Goo.  raw images  CBIR [4]  region-based [5]  bag-of-keypoints (proposed system)      
concepts prec.   A  B  A+B  A+B  A+B  A  B  A+B  
sunset 79.8   790 (67)   710 (44)   1500 (55.3)   828 (62.2, 62.1)   636 (91.0, 70.2)   441 (94, 78)   113 (92, 34)  564 (93.3, 62.5)  
mountain 48.8   1950 (88)   3887 (71)   5837 (79.2)   3423 (82.6, 61.2)   3510 (89.0, 65.0)   1628 (94, 89)   1133 (92, 46)  2761 (93.7, 68.7)  
Chinese noodle 65.2   901 (78)   1695 (55)   2596 (66.6)   1492 (71.0, 61.3)   1266 (77.0, 53.2)   572 (84, 68)   448 (94, 33)  1020 (86.9, 54.2)  
waterfall 72.4   2065 (71)   2584 (70)   4649 (70.3)   3281 (71.4, 71.7)   3504 (76.8, 74.6)   1728 (80, 94)   1535 (86, 62)   3263 (82.3, 82.0)  
beach 63.2   768 (69)   1155 (62)   1923 (65.5)   1128 (67.3, 60.3)   983 (73.3, 62.5)   440 (84, 70)   262 (93, 24)   702 (86.5, 48.7)  
flower 65.6   576 (72)   1418 (67)   1994 (69.6)   952 (79.3, 54.4)   758 (71.9, 41.0)   360 (84, 73)   348 (94, 18)  708 (86.7, 45.0)  
lion 44.0   511 (87)   1548 (49)   2059 (66.0)   967 (71.0, 50.5)   711 (69.4, 53.6)   414 (87, 81)   375 (73, 18)   789 (85.5, 56.1)  
apple 47.6   1141 (78)   2137 (59)   3278 (64.3)   1495 (68.8, 48.8)   1252 (67.2, 37.7)   759 (85, 73)   212 (84, 20)   971 (85.3, 38.5)  
baby 39.4   1833 (56)   1738 (53)   3571 (54.5)   1831 (55.1, 51.8)   1338 (63.9, 45.9)   1441 (54, 76)   601 (61, 29)  2042 (55.7, 58.4)  
notebook PC 60.2   781 (57)   1756 (32)   2537 (43.6)   1290 (46.9, 54.6)   867 (56.0, 47.6)   612 (58, 80)   602 (45, 42)   1214 (55.0, 66.3)  
TOTAL/AVG. 58.6   11316 (72)   18628 (56)   29944 (62.2)   16687 (66.0, 57.7)   14825 (73.5, 55.1)   7926 (80, 78)   5371 (81, 32)   13297 (81.1, 58.0)  
 

4 Conclusions

In this paper, we described a new system employing the bag-of-keypoints representation [1] which was paid much attention to as a new excellent image representation for visual object categorization / recognition.
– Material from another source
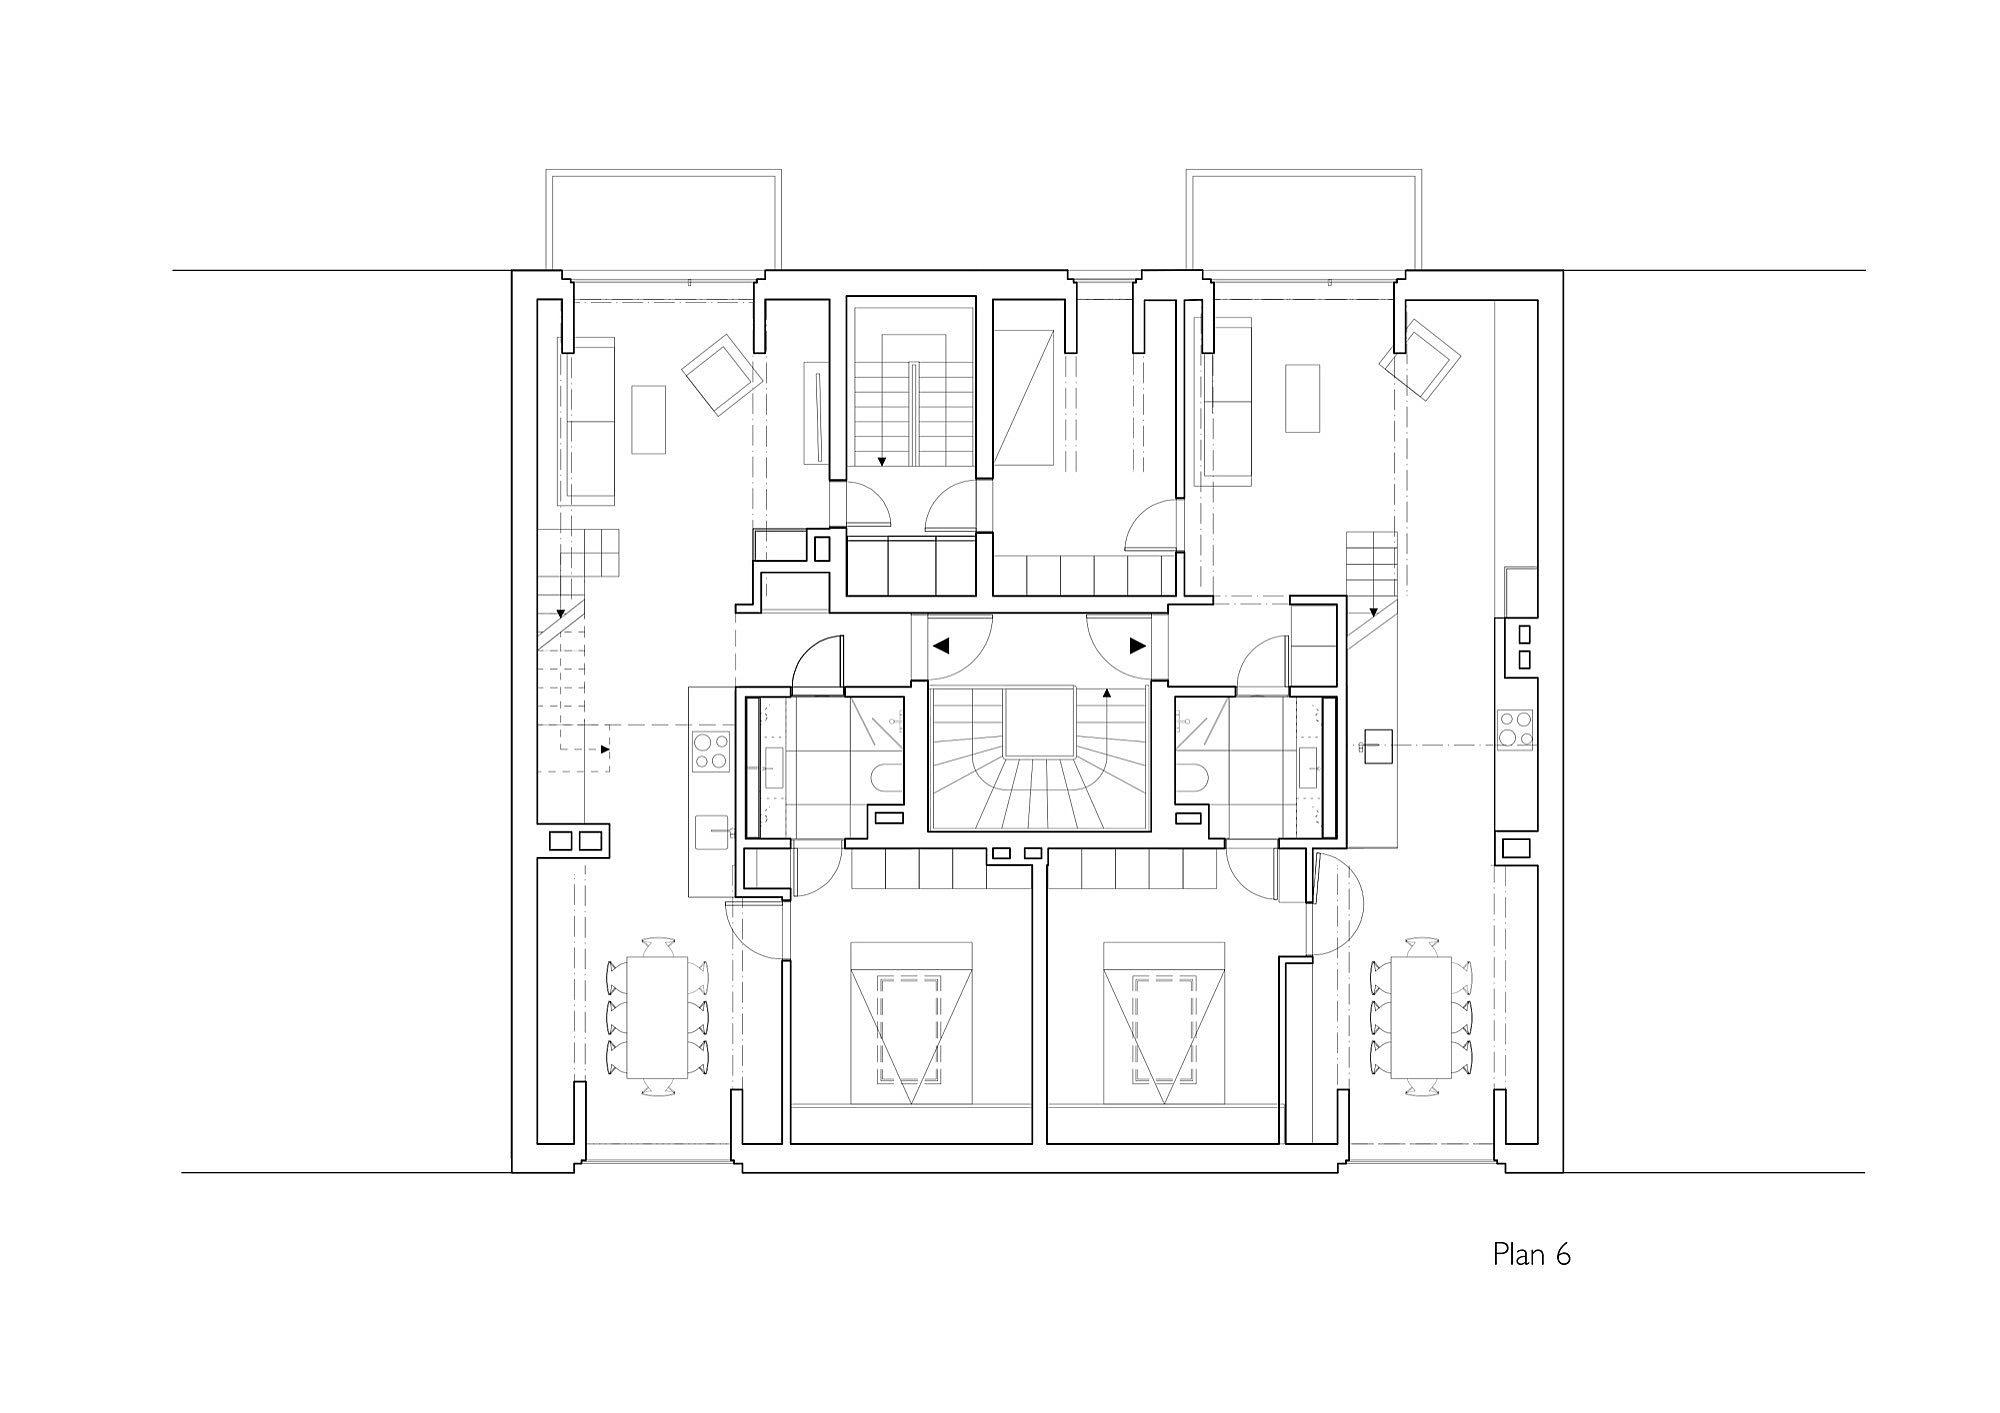 Lower level floor plan of Vidars Gate designed by R21 Arkitekter

As a classifier, we use an SVM classifier. In the experiments for ten concept keywords, we obtained the 82.2% precision on the average in case of 1000 codebooks with random sampling, which outperformed the 66.0% precision by the CBIR method and the 73.5% precision by the GMM-based probabilistic method. The experimental results shows that the bag-of-keypoints representation is very effective to classify ``object'' images as well as ``scene'' images. However, when the precision of the training data is not enough, our methods cannot improve the precision since we use an SVM classifier.

As future work, we plan to prepare better raw group-A images by improving HTML analysis methods and combining query keywords for Web search engines with effective subsidiary keywords, and we need to study how to remove irrelevant data in training data or how to learn from imperfect training image data gathered from the Web.